Sempere hizo caso omiso del sarcástico recibimiento.

– Martín, éste es Isaac Monfort, guardián de este lugar y dueño de una simpatía sin parangón. Hágale caso en todo lo que le diga. Isaac, éste es David Martín, buen amigo, escritor y persona de mi confianza.

El tal Isaac me miró de arriba abajo con escaso entusiasmo y luego intercambió una mirada con Sempere.

– Un escritor nunca es persona de confianza. A ver, ¿le ha explicado Sempere las reglas?

– Sólo que no puedo hablar de lo que vea aquí a nadie.

– Ésa es la primera y más importante. Si no la cumple, yo mismo iré y le retorceré el pescuezo. ¿Se impregna del espíritu general?

– Al cien por cien.

– Pues andando -dijo Isaac, indicándome que pasara al interior.

– Yo me despido ahora, Martín, y los dejo a ustedes. Aquí estará seguro.

Comprendí que Sempere se refería al libro, no a mí. Me abrazó con fuerza y luego se perdió en la noche. Me adentré en el umbral y el tal Isaac tiró de una palanca al dorso del portón. Mil mecanismos anudados en una telaraña de rieles y poleas lo sellaron. Isaac tomó un candil del suelo y lo alzó a la altura de mi rostro.
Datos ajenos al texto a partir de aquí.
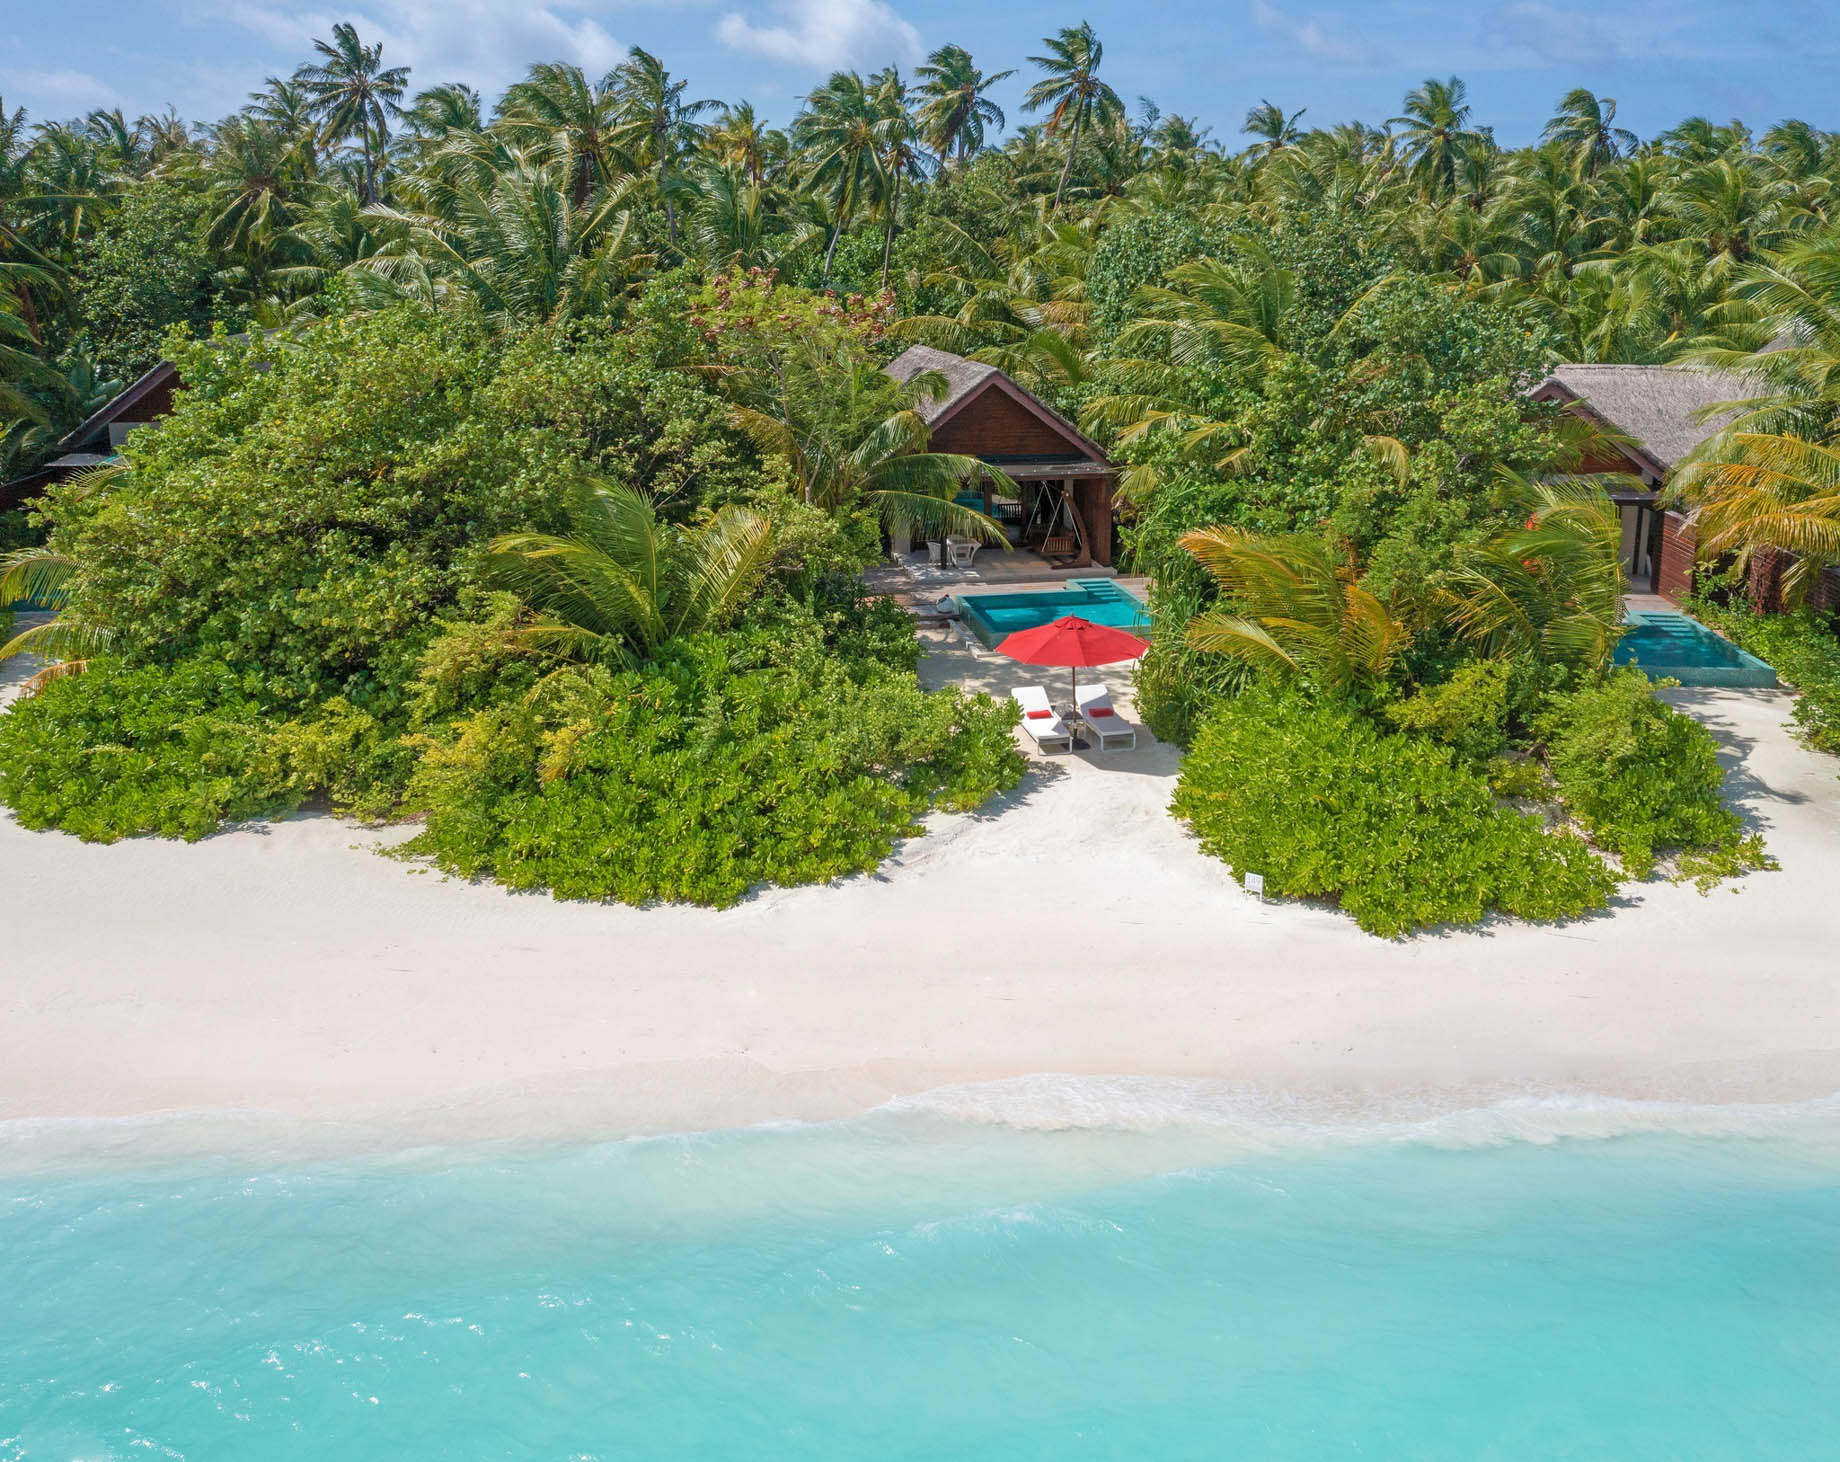 Niyama Private Islands Maldives Resort – Dhaalu Atoll, Maldives – Beach Villa Aerial View
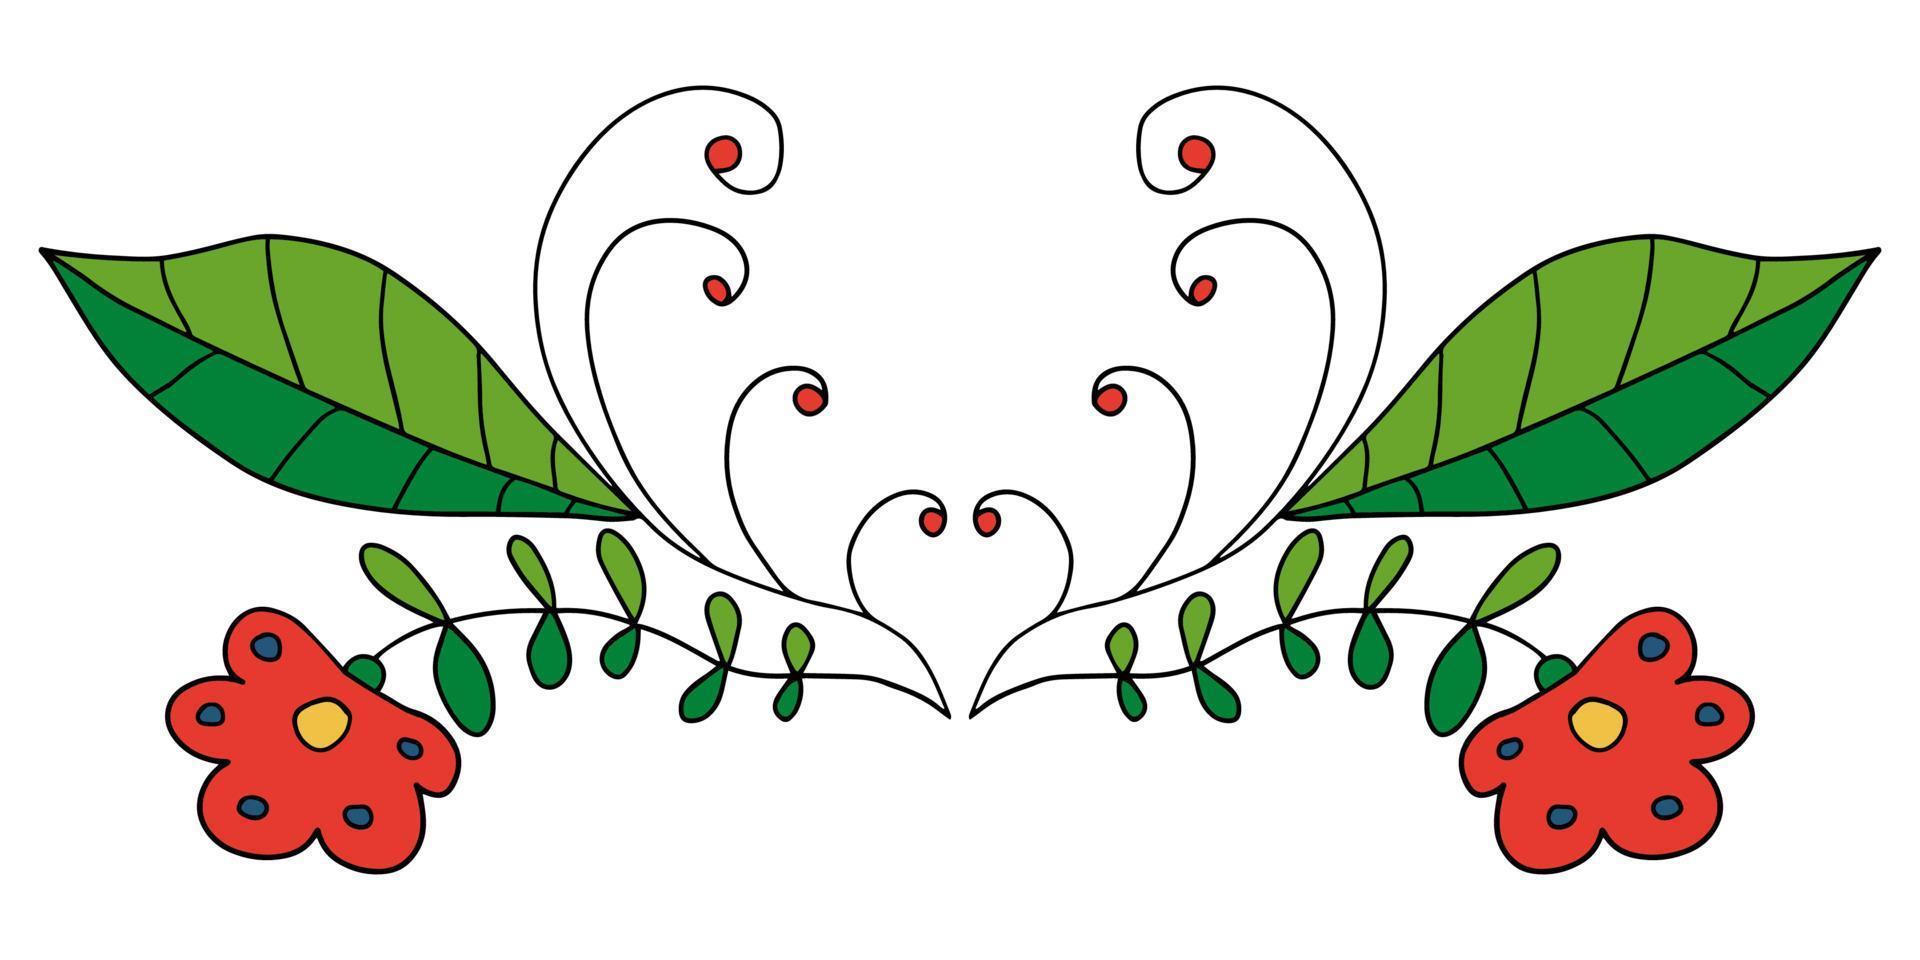 Blumenteiler der abstrakten Gekritzelkarikatur lokalisiert auf weißem Hintergrund. Sprossen mit Blättern und Beeren. vektor

– Tiene usted mala cara -dictaminó.

– Indigestión -repliqué.

– ¿De qué?

– De realidad.

– Póngase a la cola -atajó.

Avanzamos por un largo corredor en cuyos flancos velados de penumbra se adivinaban frescos y escalinatas de mármol. Nos adentramos por aquel recinto palaciego y al poco se vislumbró al frente la entrada a lo que parecía una gran sala.

– ¿Qué trae usted? -preguntó Isaac.

– Los Pasos del Cielo. Una novela.

– Menuda cursilada de título. ¿No será usted el autor?

– Me temo que sí.

Isaac suspiró, negando por lo bajo.

– ¿Y qué más ha escrito?

– La Ciudad de los Malditos, tomos del uno al veintisiete, entre otras cosas.

Isaac se volvió y sonrió, complacido.

– ¿Ignatius B. Samson?

– Que en paz descanse y para servirle a usted.

El enigmático guardián se detuvo entonces y dejó descansar el farol en lo que parecía una balaustrada suspendida frente a una gran bóveda. Levanté la mirada y me quedé mudo. Un colosal laberinto de puentes, pasajes y estantes repletos de cientos de miles de libros se alzaba formando una gigantesca biblioteca de perspectivas imposibles. Una madeja de túneles atravesaba la inmensa estructura que parecía ascender en espiral hacia una gran cúpula de cristal de la que se filtraban cortinas de luz y tiniebla. Pude ver algunas siluetas aisladas que recorrían pasarelas y escalinatas o examinaban con detalle los pasadizos de aquella catedral hecha de libros y palabras. No podía dar crédito a mis ojos y miré a Isaac Monfort, atónito. Sonreía como zorro viejo que saborea su truco favorito.

– Ignatius B. Samson, bien venido al Cementerio de los Libros Olvidados.

Seguí al guardián hasta la base de la gran nave que albergaba el laberinto. El suelo que pisábamos estaba remendado de losas y lápidas, con inscripciones funerarias, cruces y rostros diluidos en la piedra. El guardián se detuvo y deslizó el farol de gas sobre algunas de las piezas de aquel macabro rompecabezas para mi deleite.